John Owen puts it this way:

There never was, nor is, nor ever will be the least particle of holiness in the world, but what flowing from Jesus Christ, is communicated by the Spirit, according to the truth and promise of the gospel. (The Holy Spirit: His Gifts and Power, 248.)

It is an ever-expanding experience of this love, then, that John says will cast out fear from our hearts. Over the course of our lives, as we feast on the great love of God for us–the love of the Father, the love of the Son, and the love of the Holy Spirit–this love expels fear from our hearts just as darkness is driven out of a room when someone turns on the lights.

Suggested Application

The best book I have read on experiencing the fullness of the love of God the Father, Son, and Holy Spirit is John Owen’s Communion with God, the work that I quoted a couple of times in this post. I read and enjoyed this edition, but John Owen published the book in 1657, so the language is sometimes difficult to understand. Thankfully, Kelly Kapic and Justin Taylor have edited a new edition into modern language, making the treasure of this book accessible to 21st century readers.

I would highly recommend reading through this book, and doing so slowly. I read it over the course of a year and was richly fed whenever I read a few pages. In fact, I felt spiritually gorged if I read more than a few pages at a time, which is why I recommend reading this book slowly.

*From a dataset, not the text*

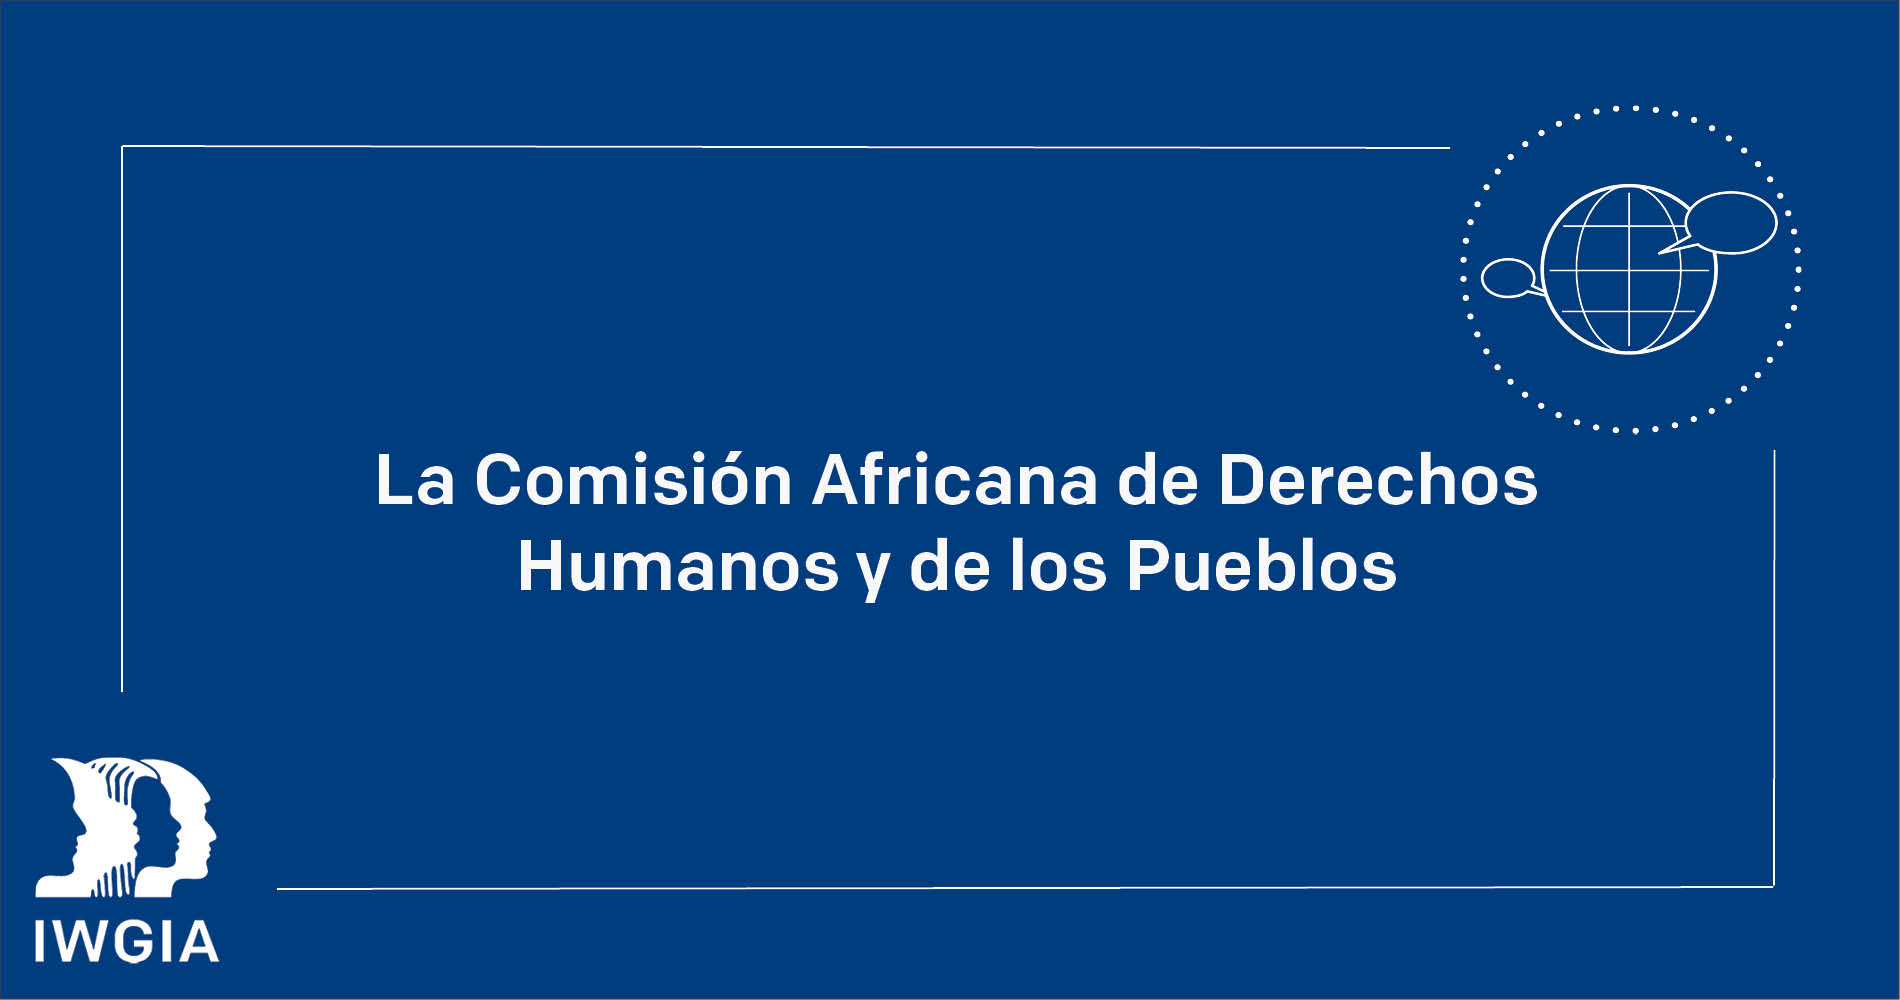 La Comisión Africana de Derechos Humanos y de los Pueblos

The book drips with the practical experience and wisdom of a man who is brimming over with this love of God, and he carefully, patiently, and pastorally teaches us how to experience the fullness of this love. If you would like to come to know the fullness of God’s love for you, communing with each person of the Holy Trinity, this book is a fantastic way to do it.

And as you walk with Owen page by page, I pray that your love for Father, Son, and Holy Spirit will be deepened until, with Samuel Rutherford (in a quote that Joel Beeke is fond of repeating), you exclaim, “I know not which Divine Person I love the most–Father, Son, or Holy Ghost–but I know that I love each of them and need them all!”